Seminar "An analytical method for solving Schrödinger equation with multivortex initial conditions: applications and extensions to non-linear optics and Bose-Einstein condensates" Dr. Miguel Angel Garcia-March, Valencia Polytechnic University

Speaker

Dr. Miguel Angel Garcia-March
Distinguished Researcher
Valencia Polytechnic University, Spain

Abstract

We present a method to study the dynamics an initial condition which contains many vortices at arbitrary locations propagated with a Schrödinger equation. We consider two systems: i) photonics, where this equation takes the form of a paraxial wave equation, with an initial multisingular vortex Gaussian beam; and ii) Bose-Einstein condensates, where it takes the form of an ideal Gross-Pitaevskii equation.
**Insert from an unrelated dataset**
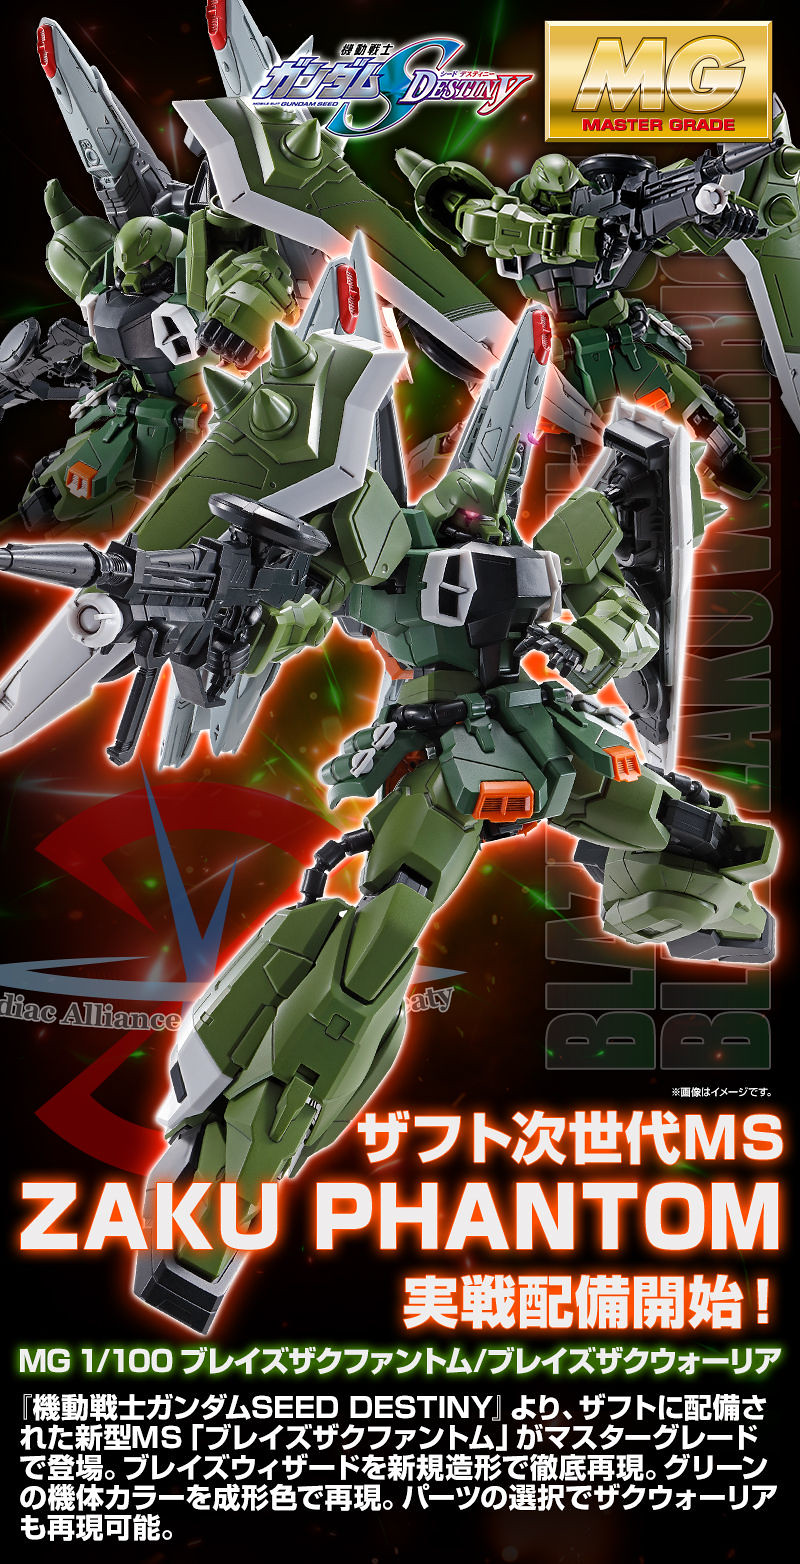 MG 1/100 瞬發型薩克幽靈/薩克戰士 新規造型再現瞬發型背包!【PB限定】

We present first the analytical solution of the dynamics in a homogeneous medium and in a parabolic potential for the ideal non-interacting case (which in photonics is realised with GRIN systems and in BEC by a parabolic trap). We show how to obtain the equations for the trajectories of the positions of phase singularities along with time (the vortex lines). Also, it allows one to predict some quantities of interest, such as the time at which a vortex and an antivortex contained in the initial condition will merge. Secondly, the method is complemented with numerical simulations of the non-linear case. We use a numerical split-step simulation of the non-linear Schrödinger equation to determine how these trajectories and quantities of interest are changed by the presence of interactions. We illustrate the method with several simple cases of interest both in the homogeneous and parabolically trapped or GRIN systems.

Looking forward to seeing many of you at the seminar.
-Quantum Systems Unit / Busch Unit